Lyme begins with a tick, not a lab result. A tick bite is a vector-borne event: complex, mixed, and not fully reducible to a single organism. When people speak from this frame, they’re responding to the exposure as it occurred, not just to what can be clinically separated from it.
Others mean Lyme as a medical diagnosis, defined by criteria, tests, and treatment guidelines. This works when cases follow expected patterns. But many of us don’t fit those patterns, and once you fall outside them, the diagnosis stops explaining what’s happening, even while the illness continues.
For many, Lyme is what didn’t end when treatment did. Symptoms change, move, and persist in ways that are hard to explain or prove. When this experience can be dismissed because it doesn’t fit a clean definition, that’s where frustration and distrust really take hold.
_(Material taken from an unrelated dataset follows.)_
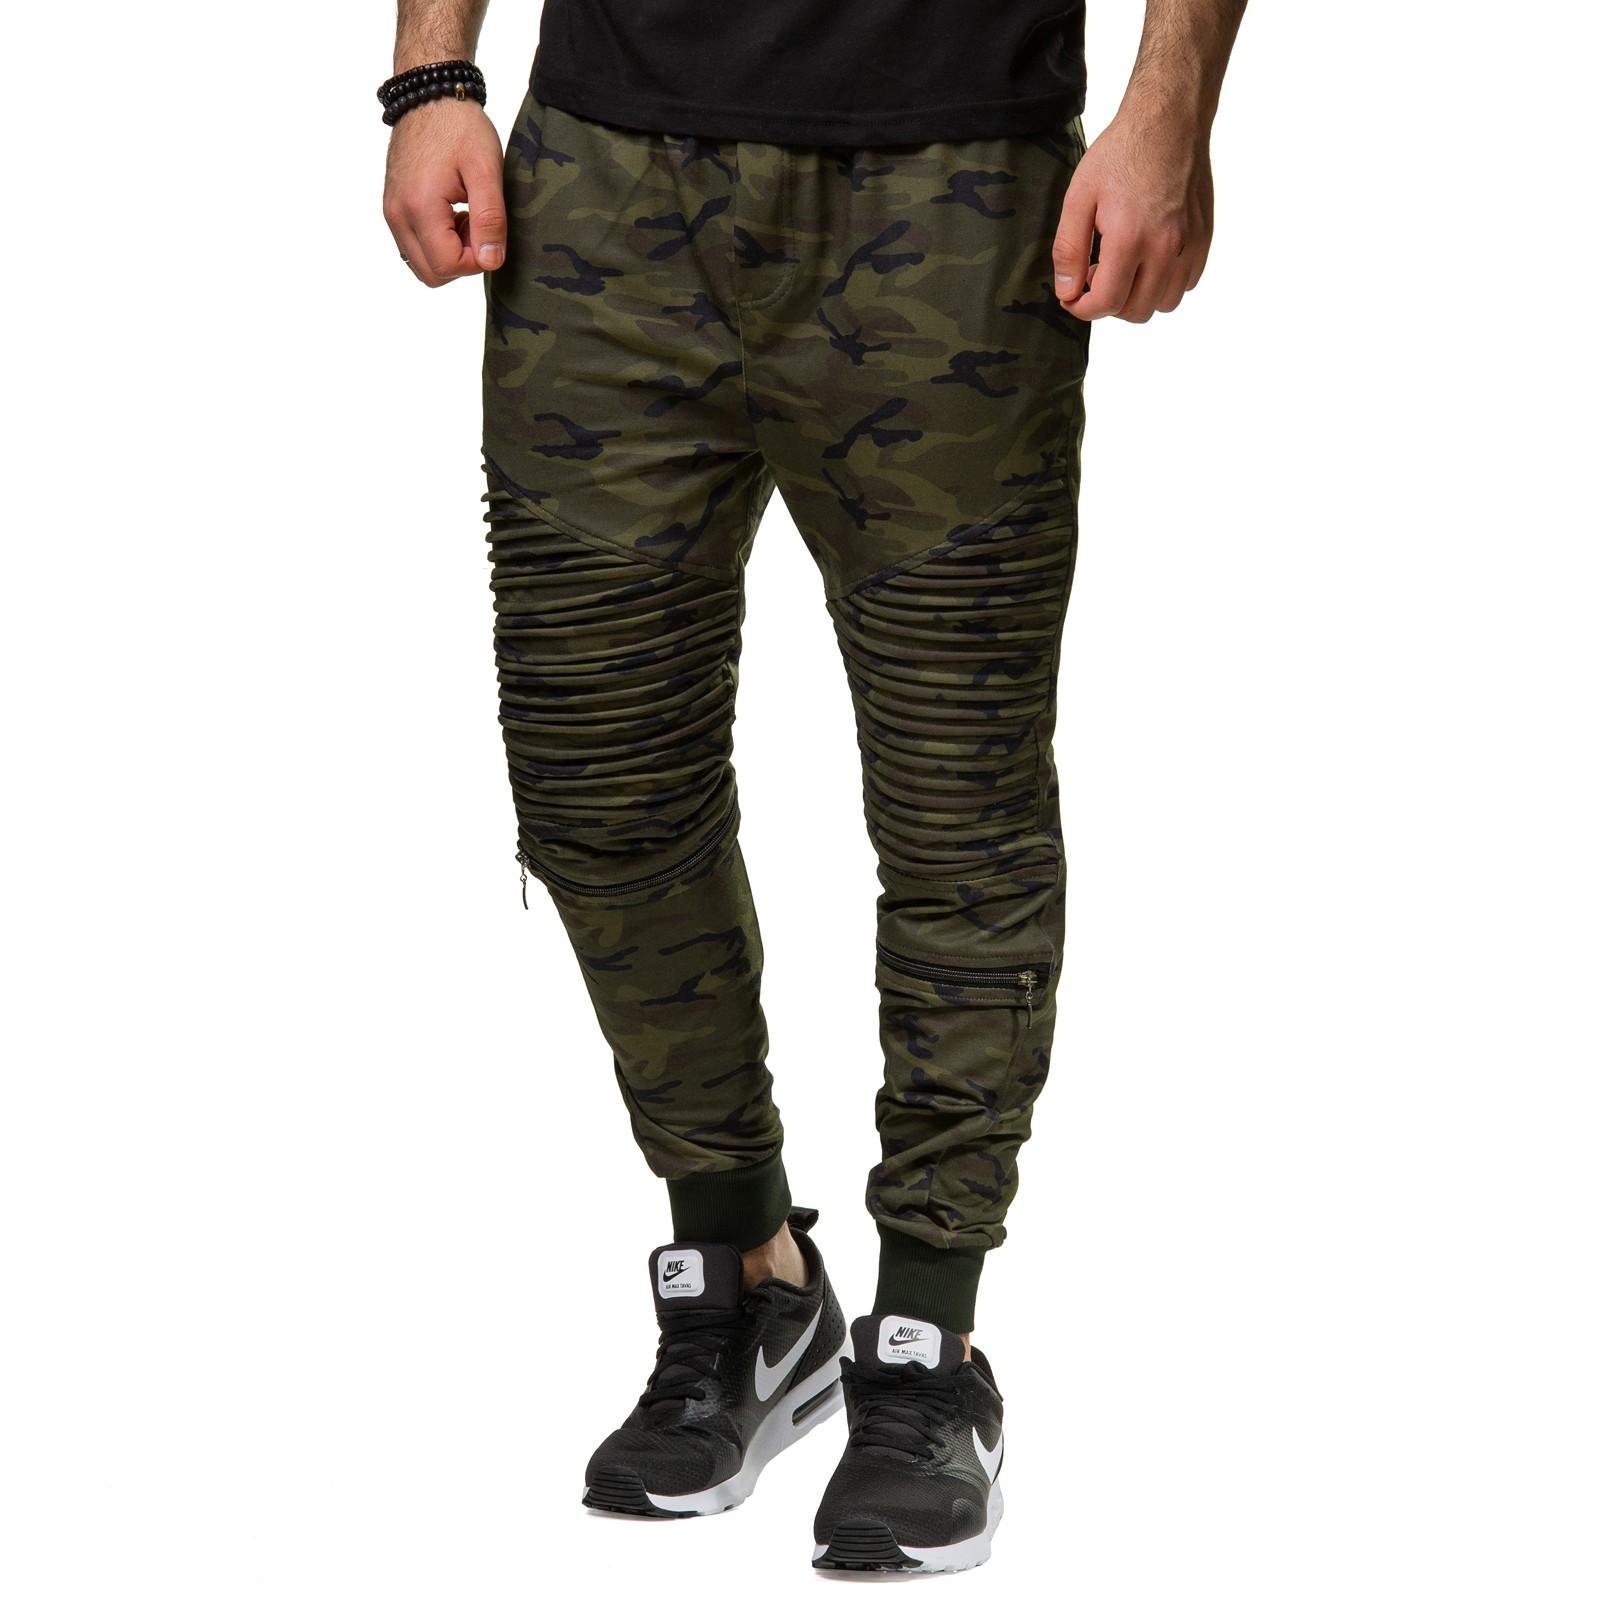 ci borg 568 jogginghose zipper stepp hose camouflage pant. Black Bedroom Furniture Sets. Home Design Ideas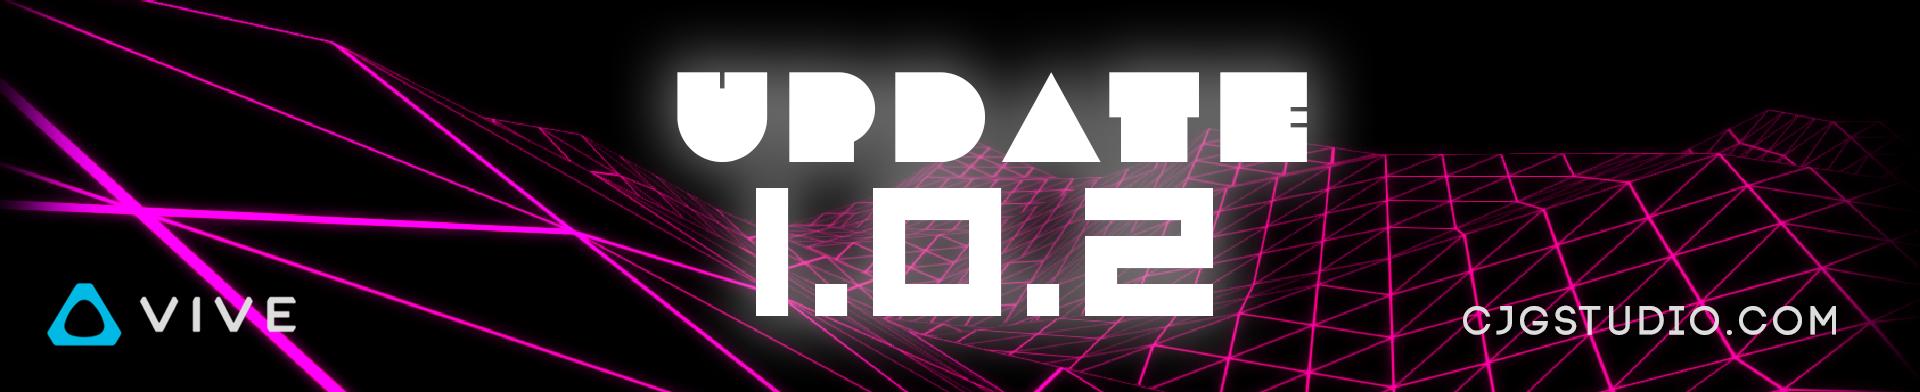 udpate header 1 0 2

From my experince, Lyme stops looking like a single event and starts looking like a path. Something that unfolds through infections, immune responses, treatments, and partial recoveries. What matters isn’t just whether one thing is present, but what never fully returned to baseline. This frame exists because none of the others can hold the whole story on their own.
The Lyme debate isn't heated because people are careless or dishonest. It’s heated because we’re often using the same word to mean entirely different things. Until we’re clearer about the language we’re using: disease versus illness, organism versus experience, we’ll keep arguing past each other, even when we’re describing real, overlapping truths.